━━━ Input for this task ━━━
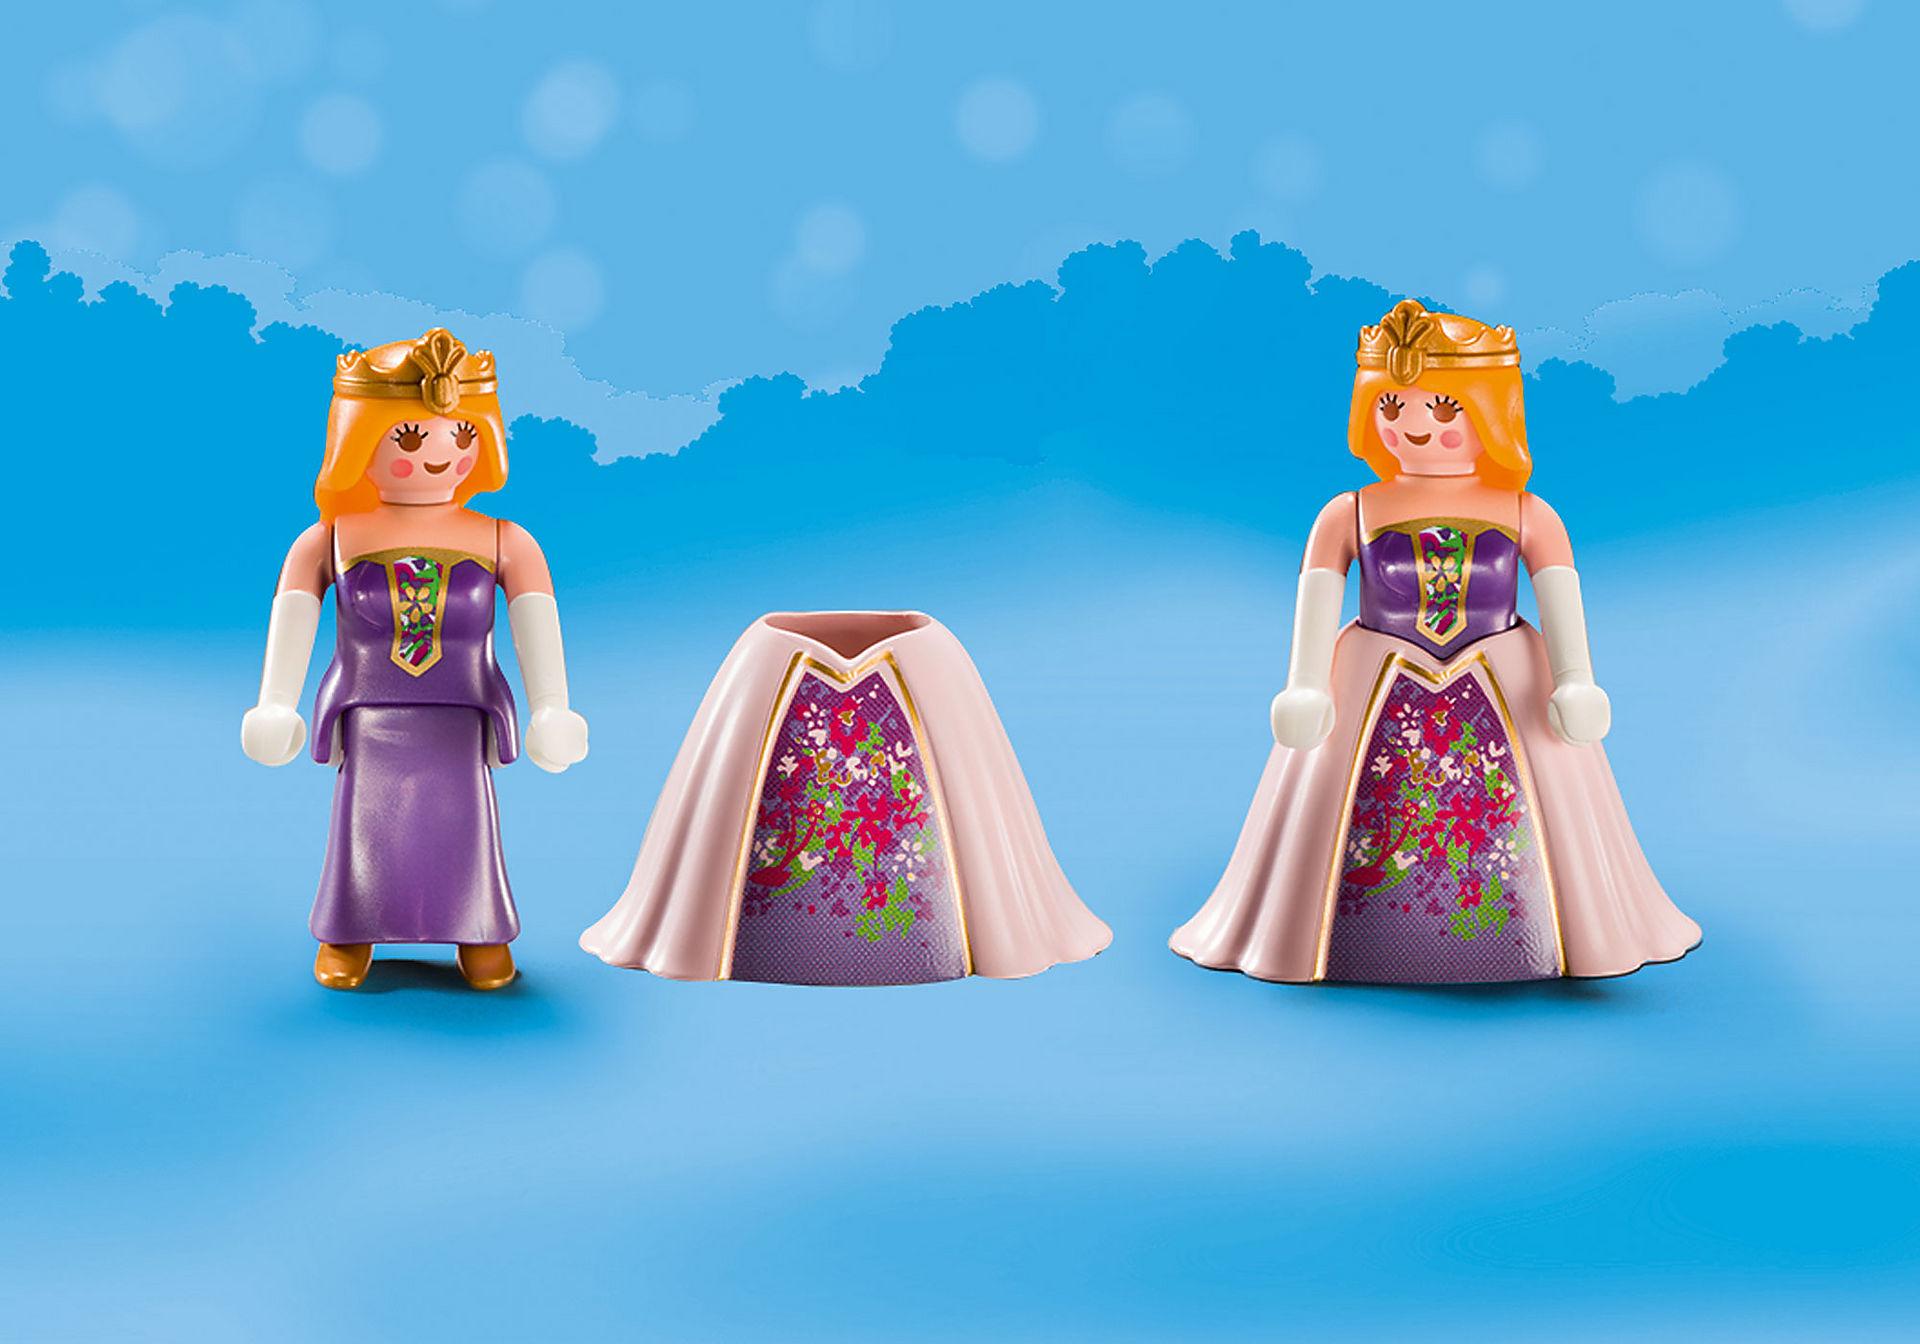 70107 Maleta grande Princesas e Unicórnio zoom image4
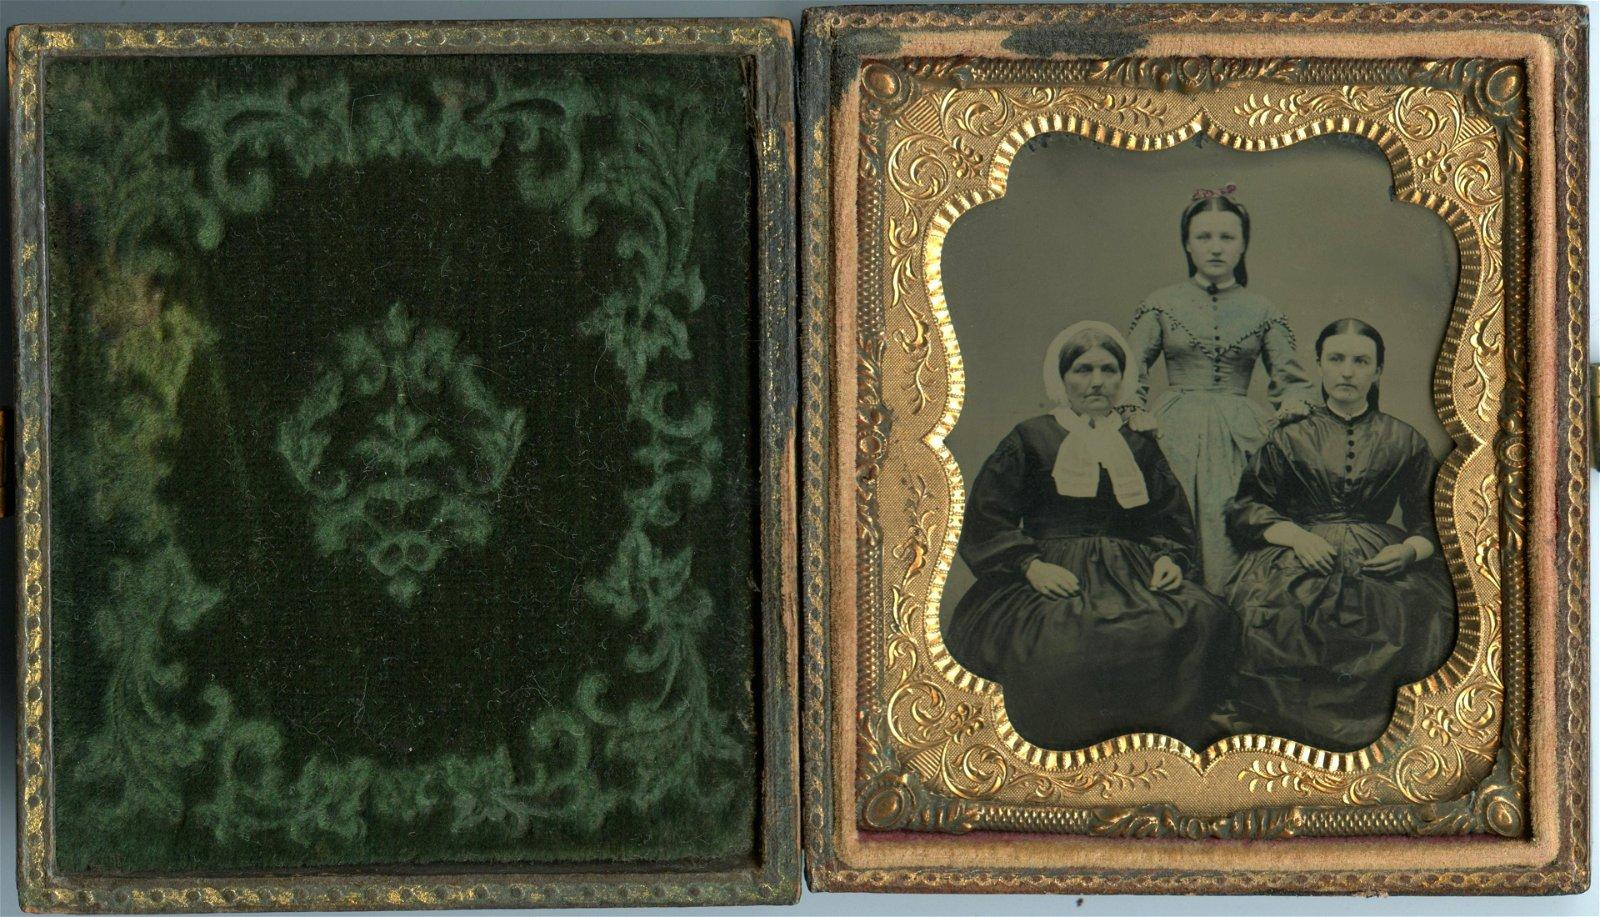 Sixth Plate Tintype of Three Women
━━━
━━━ Input for this task ━━━
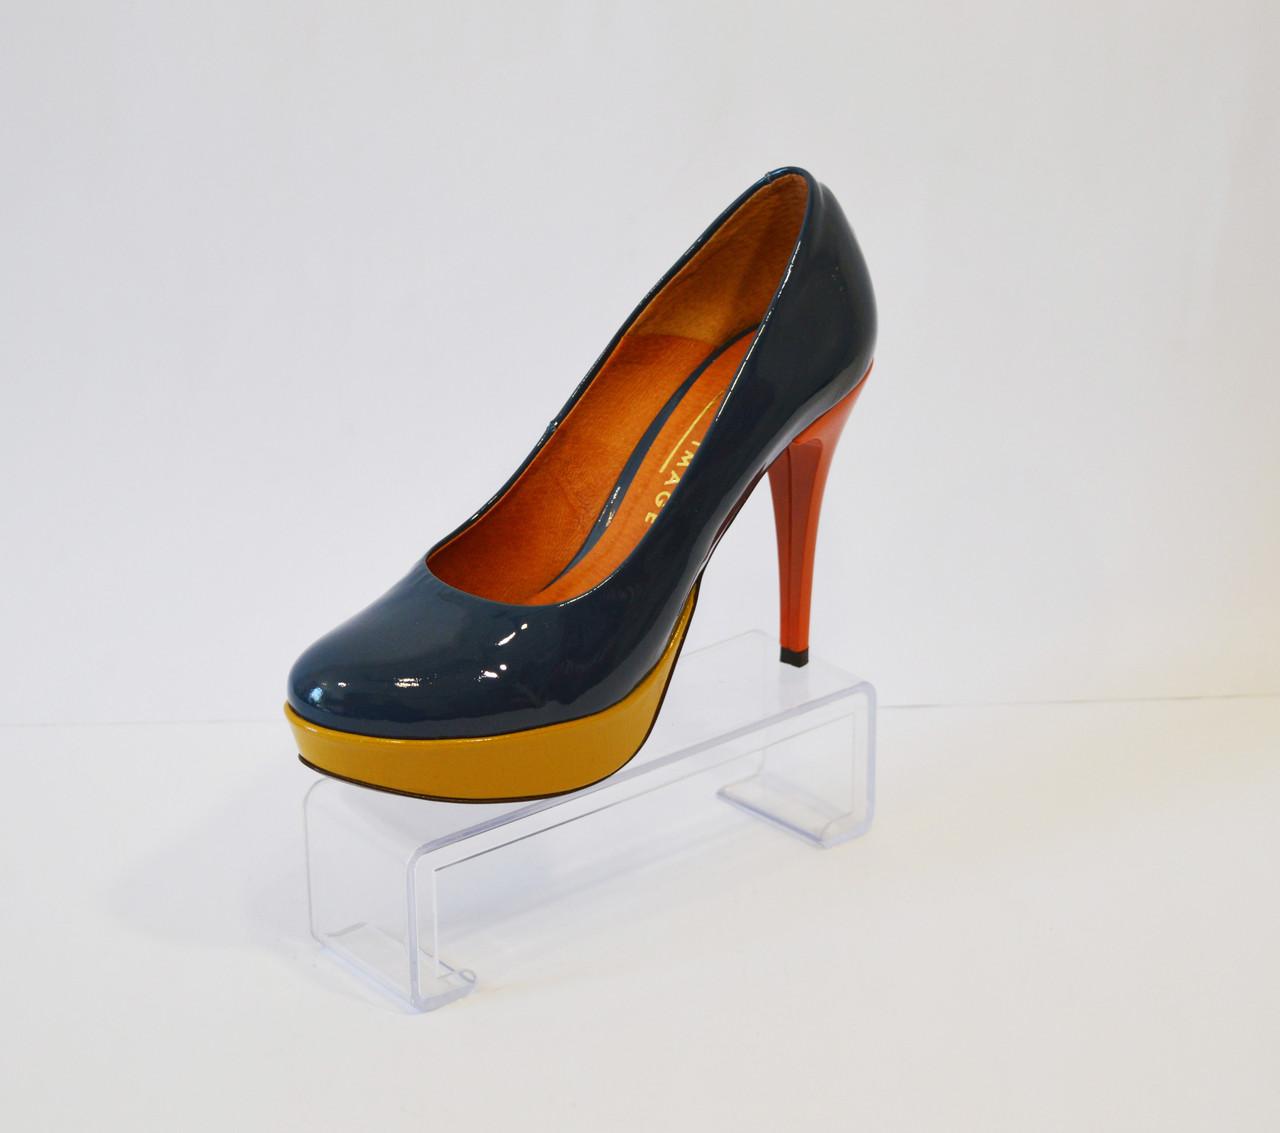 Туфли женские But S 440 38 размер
━━━
Work instruction =
With the pictures removed from your copy, retype the lines above from the one that contains "70107 Maleta grande" through the one that contains "Sixth Plate Tintype of Three Women", exactly.

Reply =
 70107 Maleta grande Princesas e Unicórnio zoom image4
 Sixth Plate Tintype of Three Women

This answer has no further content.